Grab has created a streaming data platform around Apache Kafka that supports all company’s products. Following Kafka best practices, their initial configuration used three replicas for each Kafka partition, spanning three different availability zones within the AWS region. The team responsible for this platform observed that the cross-AZ traffic accounted for half the cost of their Kafka platform as AWS charges for the cross-AZ data transfer.

Fabrice Harbulot and Quang Minh Tran remark on the cost considerations of the initial setup:

The problem with this design is that it generates staggering cross-AZ network traffic. This is because, by default, Kafka clients communicate only with the partition leader, which has a 67% probability of residing in a different AZ.

The overall cross-AZ traffic combines newly-published messages, data replication between brokers, and messages fetched by consumers.

The default consumer configuration where consumers fetch data from the partition leader (Source: Grab Engineering Blog)

Since Apache Kafka 2.3, it’s possible to configure consumers to fetch from partition replicas.
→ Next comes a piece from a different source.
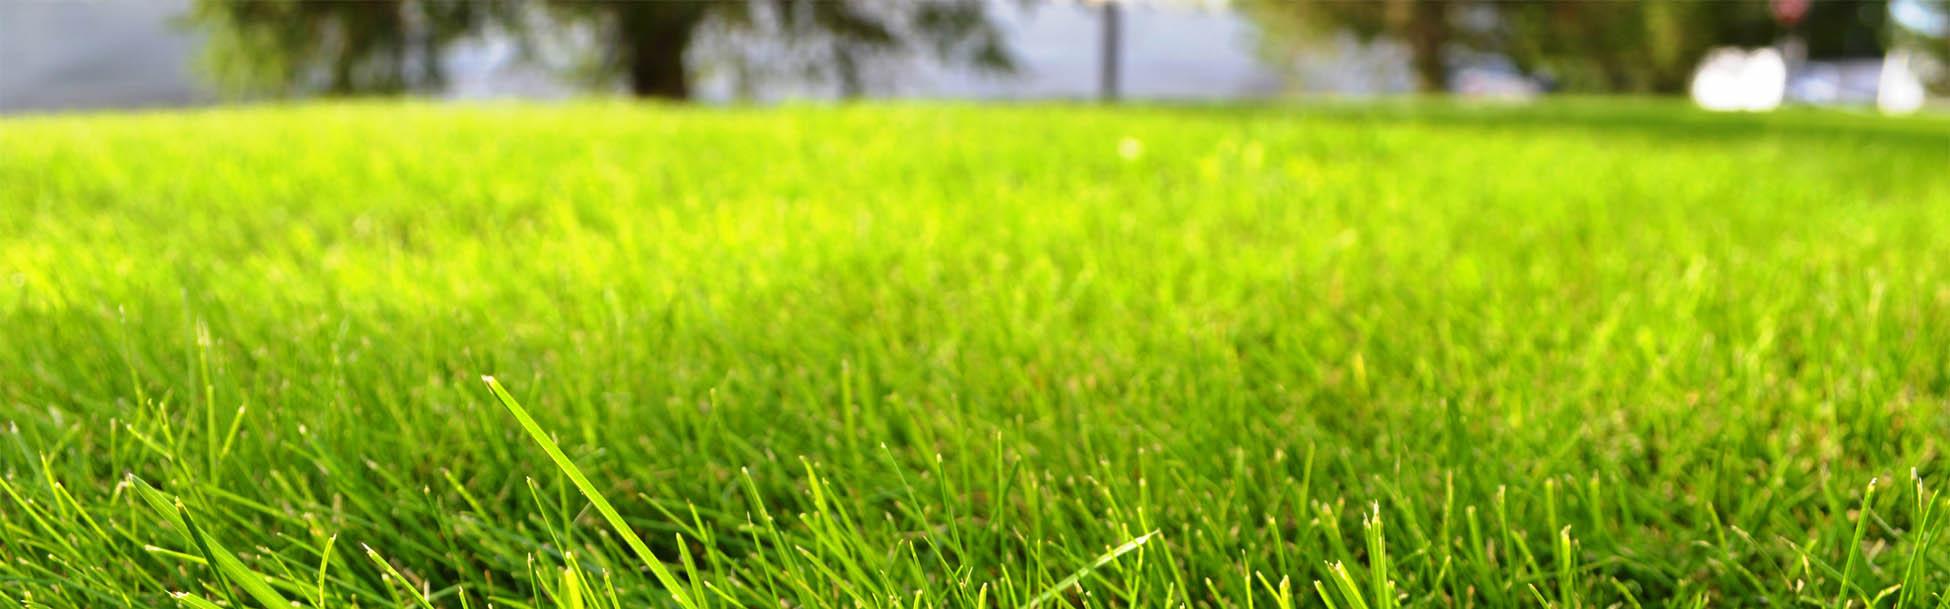 убранный газон

That way, if consumers fetch messages only from the brokers in the same AZ, they can do so without incurring data transfer costs.
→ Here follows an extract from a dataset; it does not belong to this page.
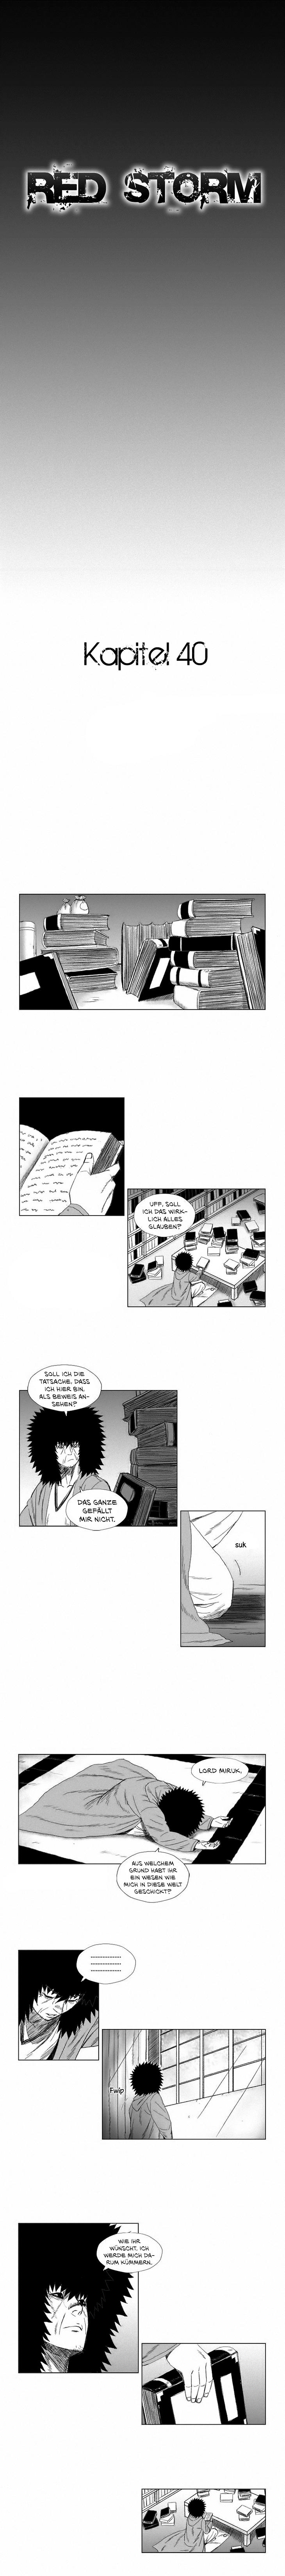 https://wie.mangadogs.com/comics/pic/13/525/201795/Kapitel40_0_115.png Page 1

This feature requires that both the Kafka brokers and consumers are made aware of the AZ in which they reside. For Kafka brokers, the team configured broker.rack with the value of AZ ID (az1, az2, az3, etc.), which is different than the AZ name (1a, 1b, 1c, etc.) as the latter is inconsistent across AWS accounts. They also set the parameter replica.selector.class with value org.apache.kafka.common.replica.RackAwareReplicaSelector.

On the consumer side, the team updated the internal Kafka SDK to configure the client.rack parameter with the AZ ID based on EC2 host metadata so that application teams can enable the functionality by exporting an environment variable.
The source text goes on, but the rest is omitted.